SOURCE DATA
== Segment start ==
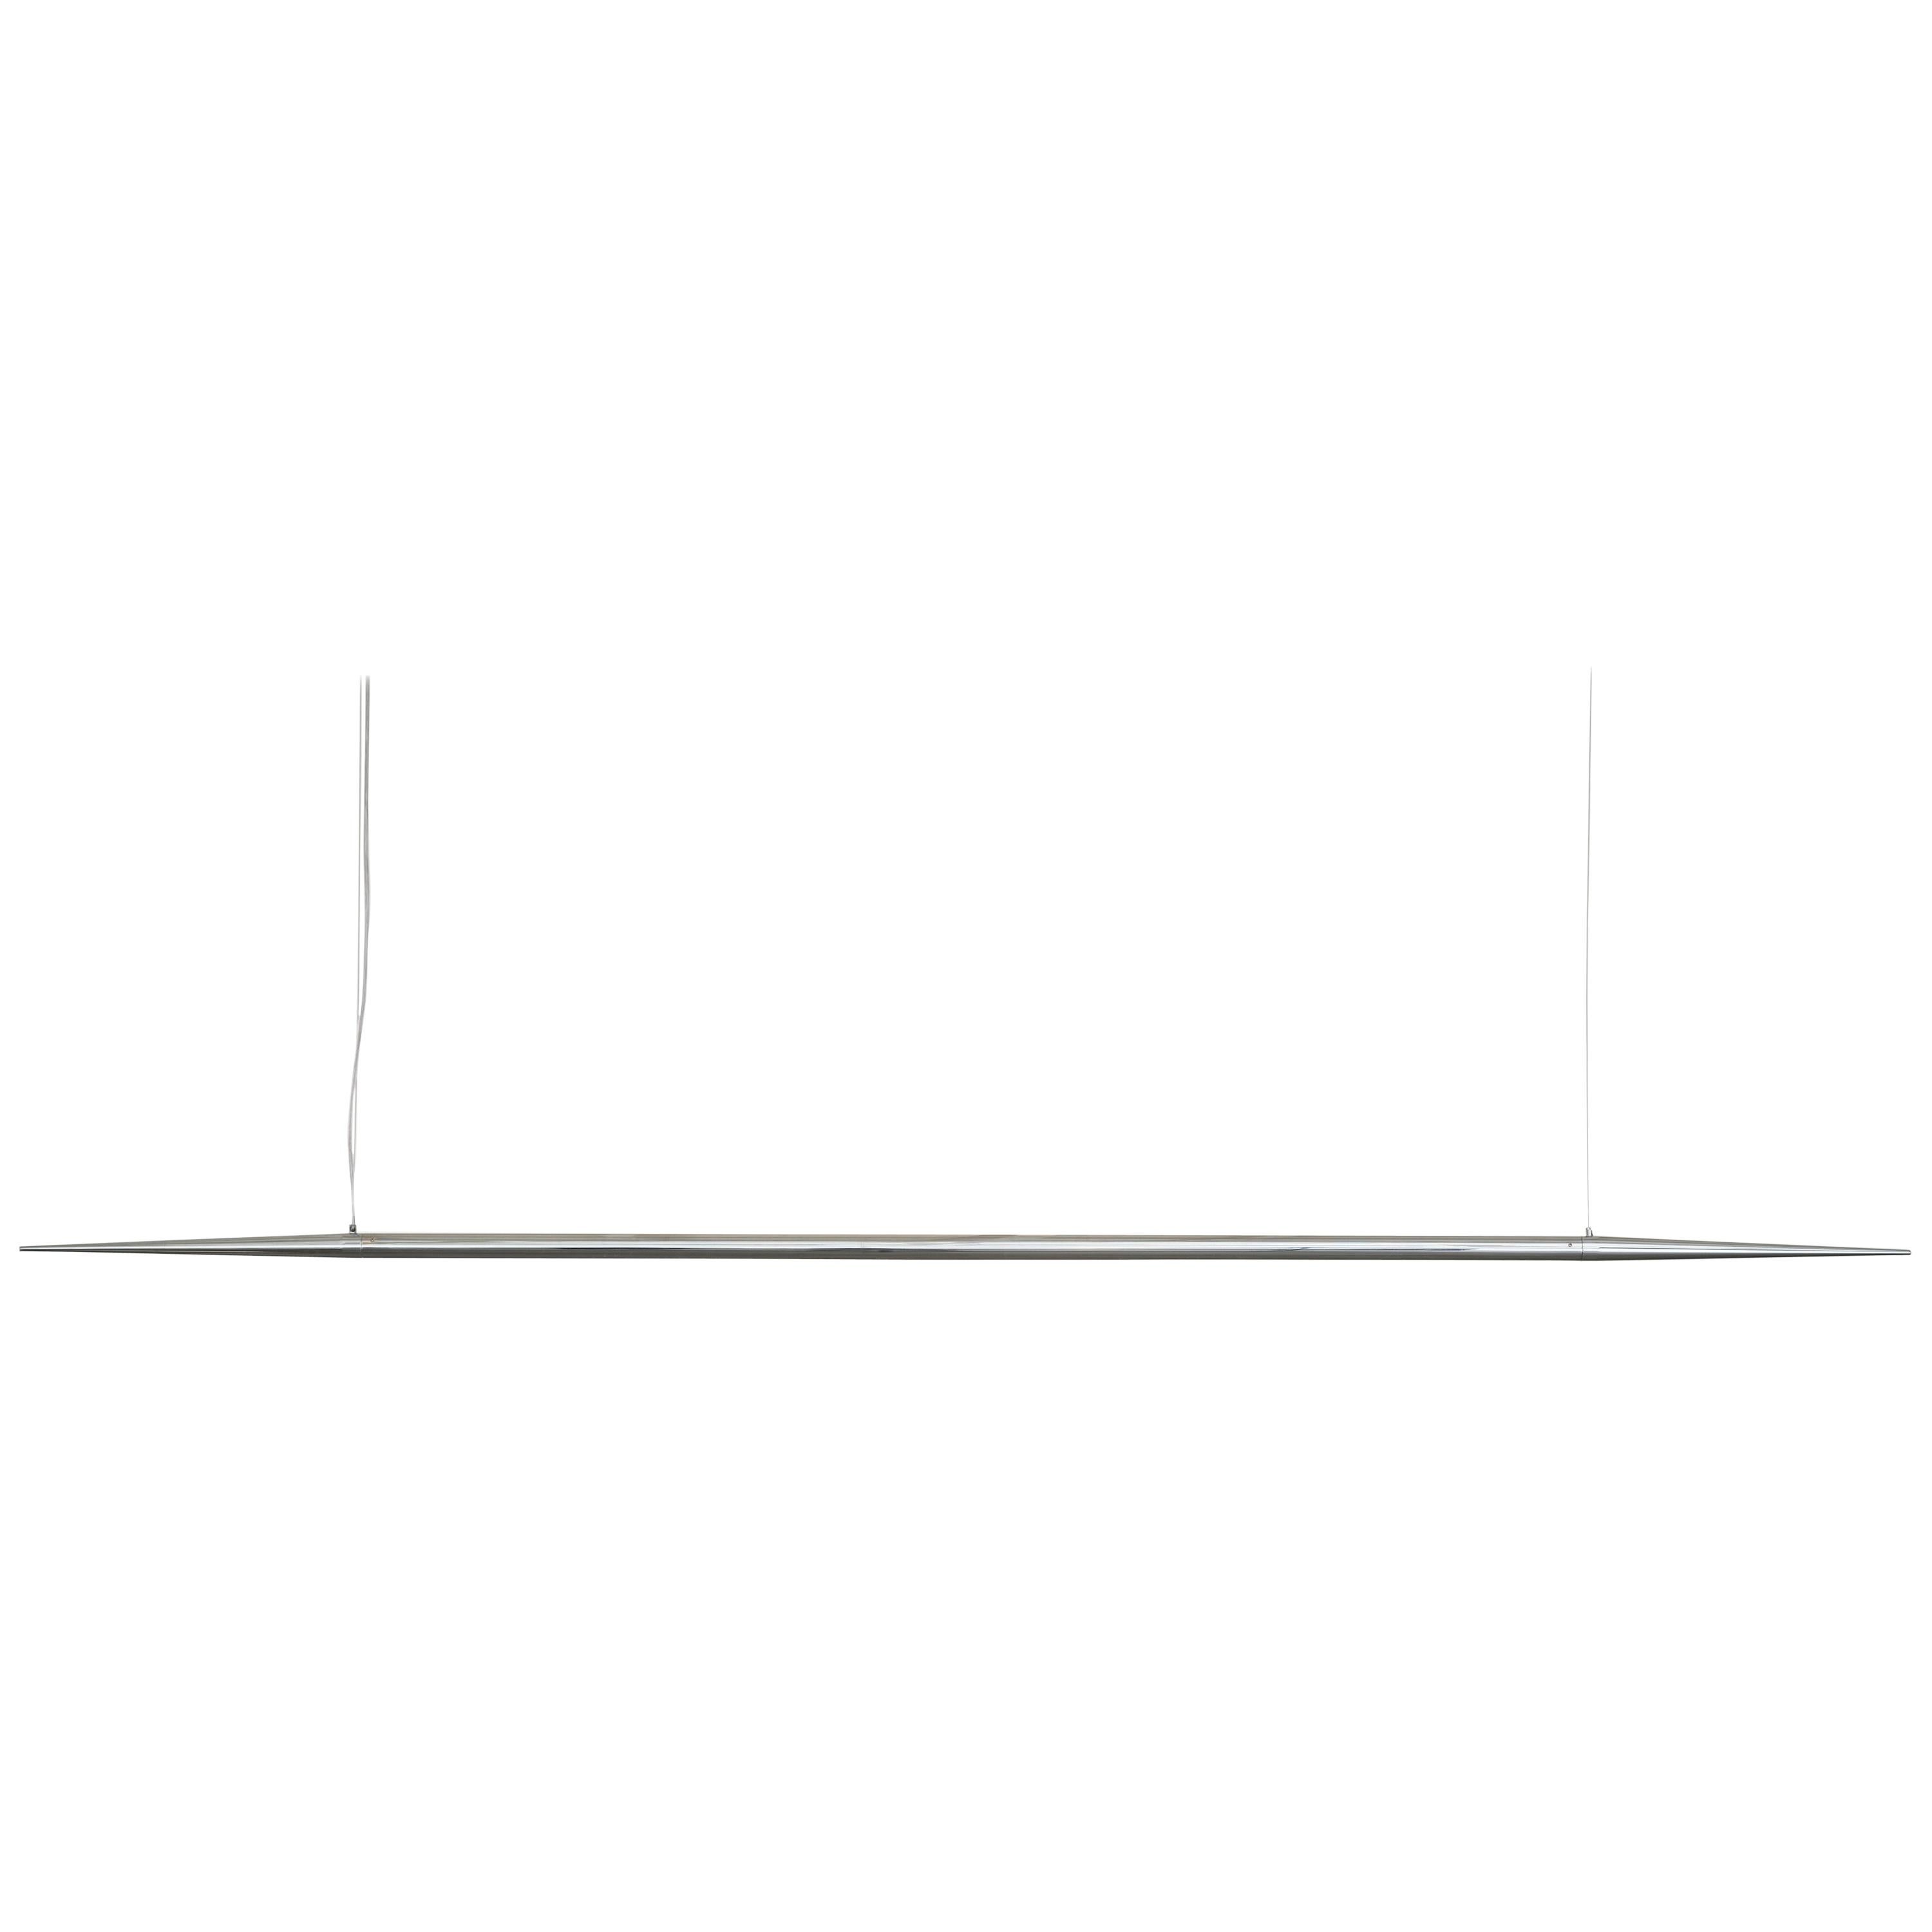 Ferrão Pendant Lamp, 150cm, by Rain, Contemporary Lamp, Aluminium, Chrome
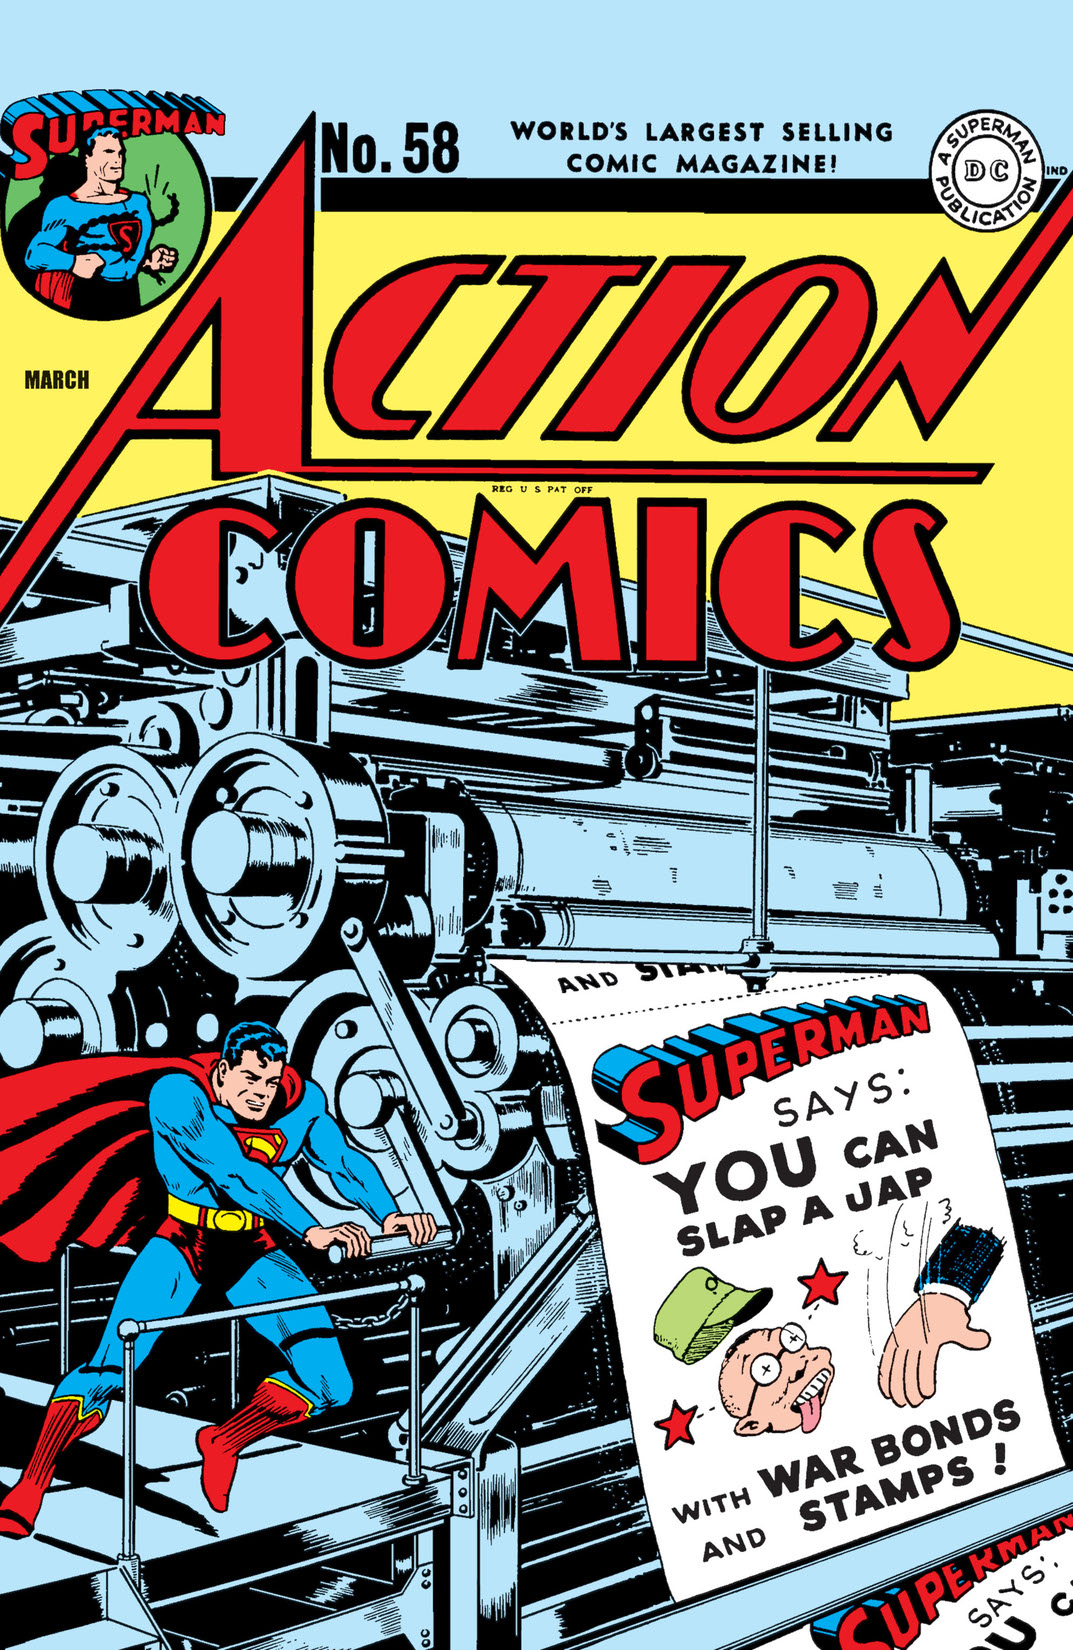 Action Comics (1938-) #58 preview images
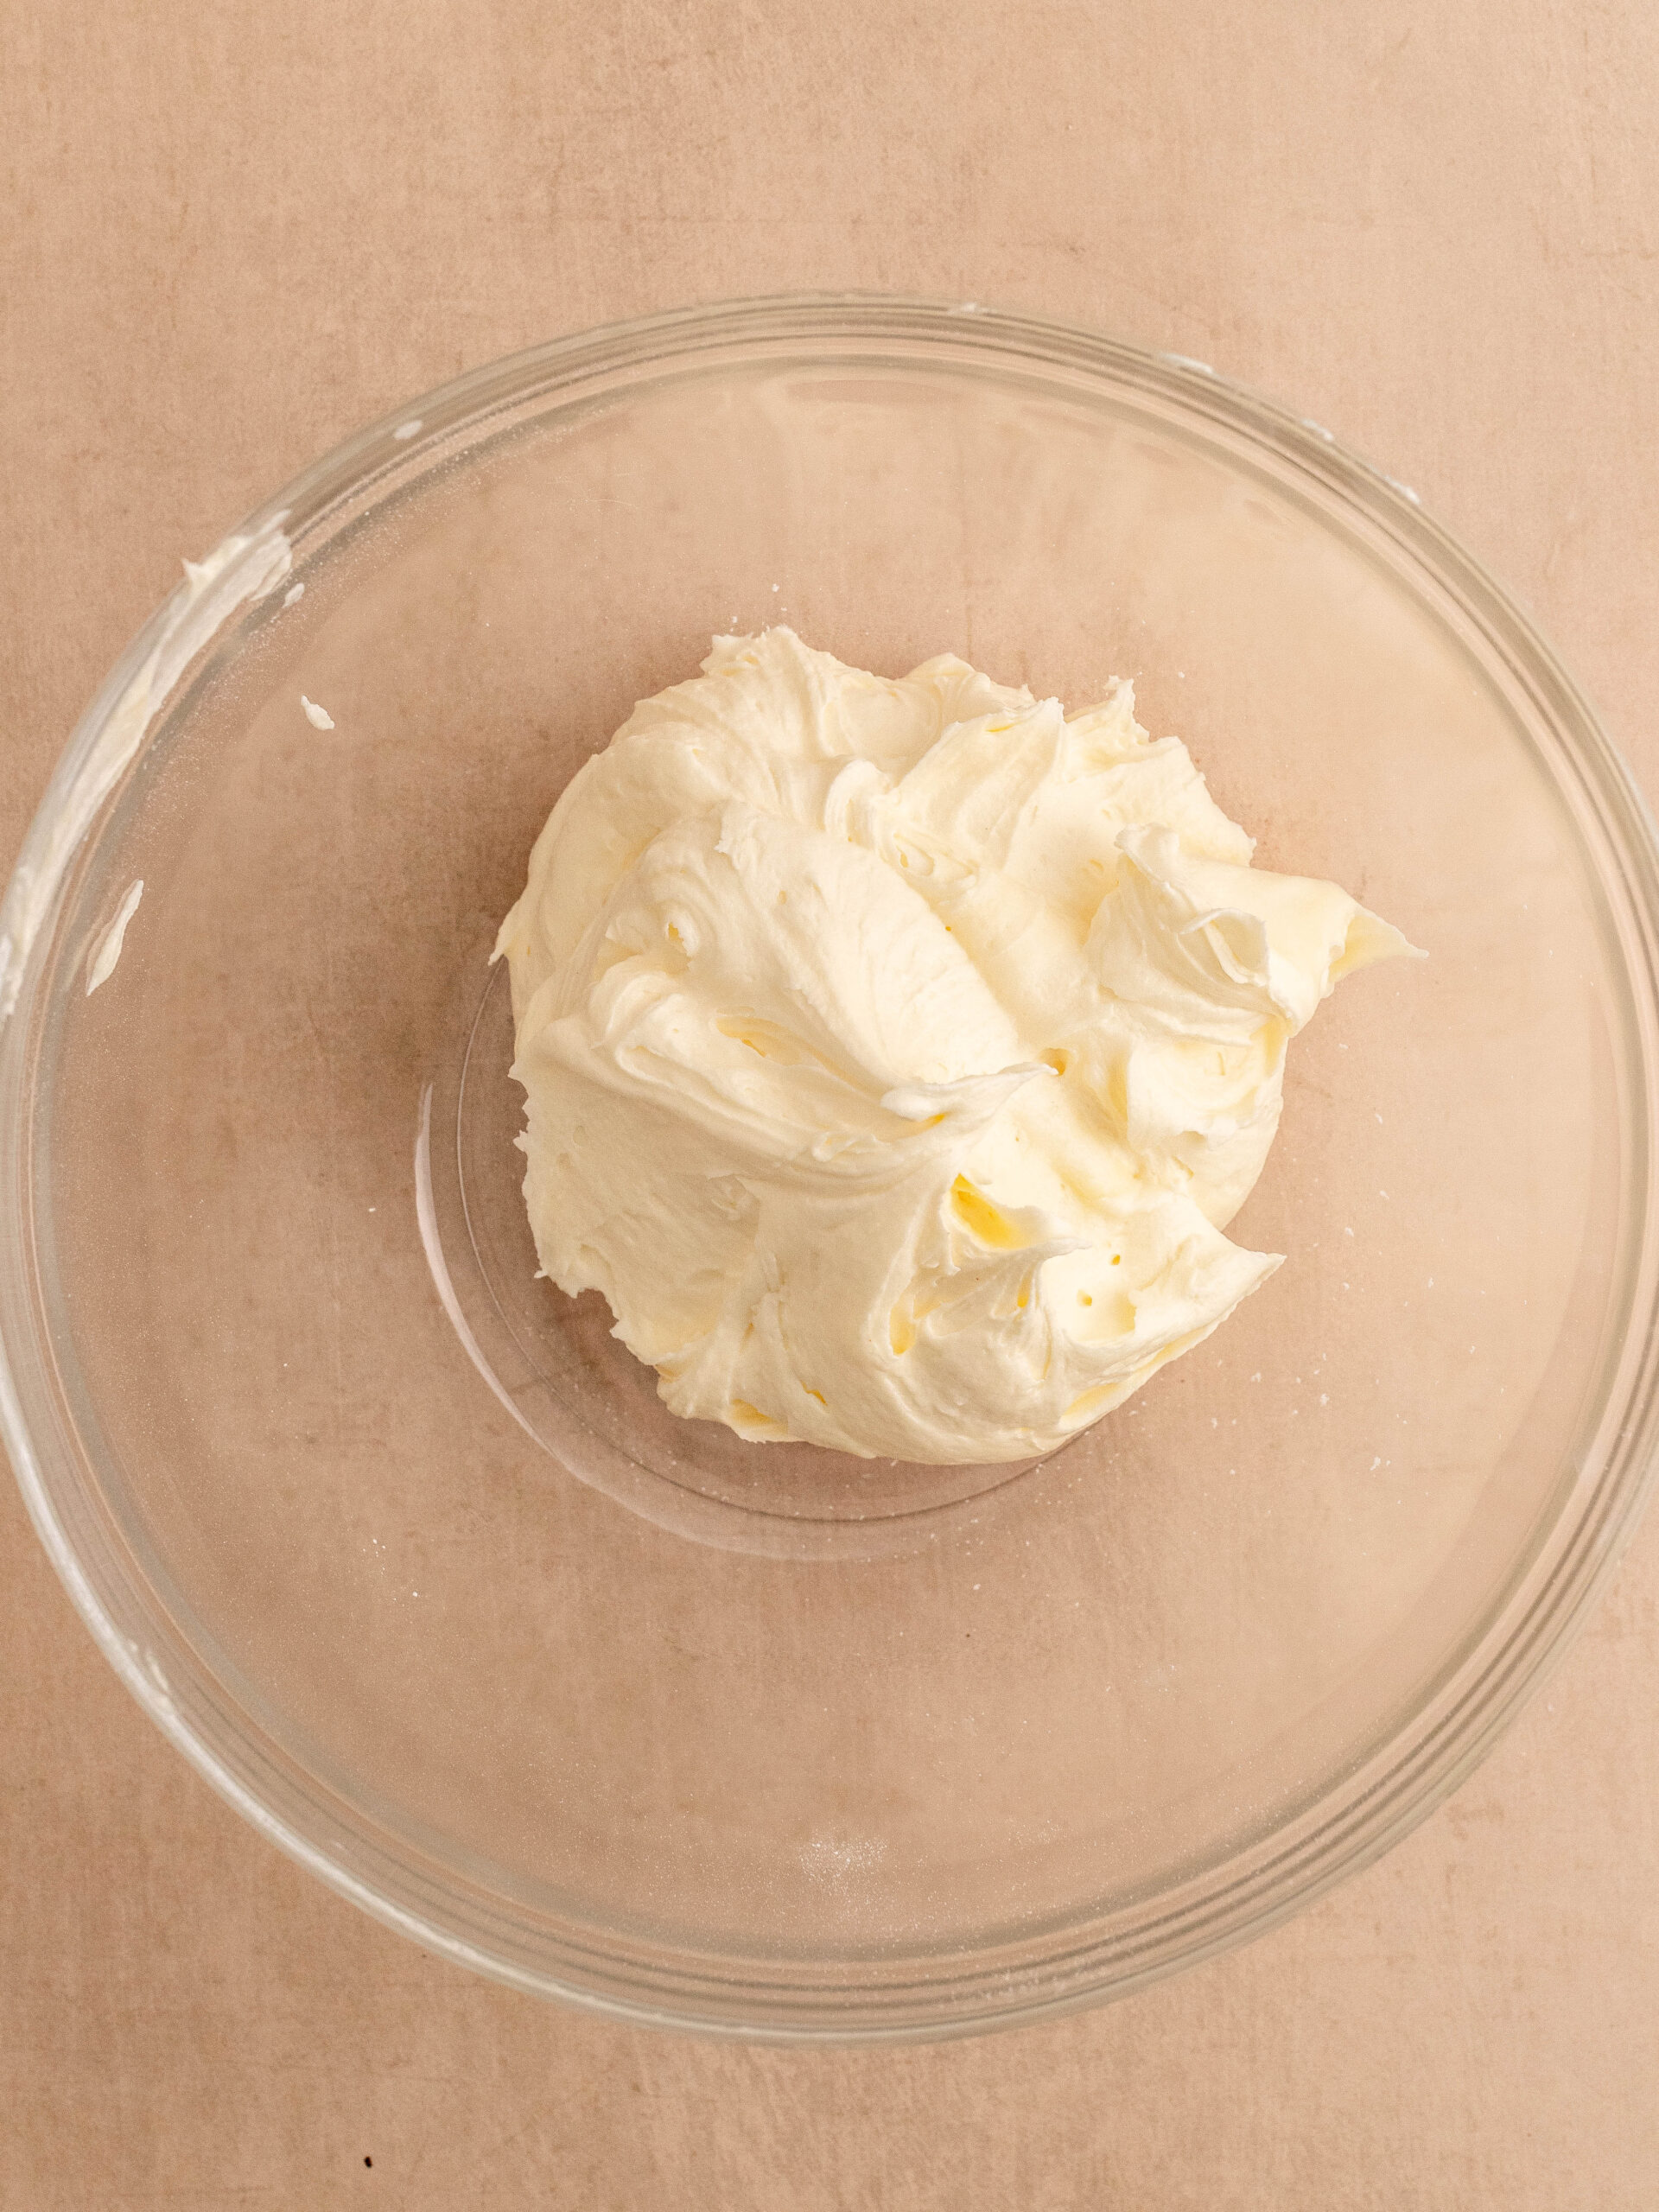 Step 2: The plain buttercream.
== Segment end ==
TASK DETAILS
Rewrite the data above exactly as given, but omit the images.

WRITTEN SOLUTION
 Ferrão Pendant Lamp, 150cm, by Rain, Contemporary Lamp, Aluminium, Chrome
 Action Comics (1938-) #58 preview images
 Step 2: The plain buttercream.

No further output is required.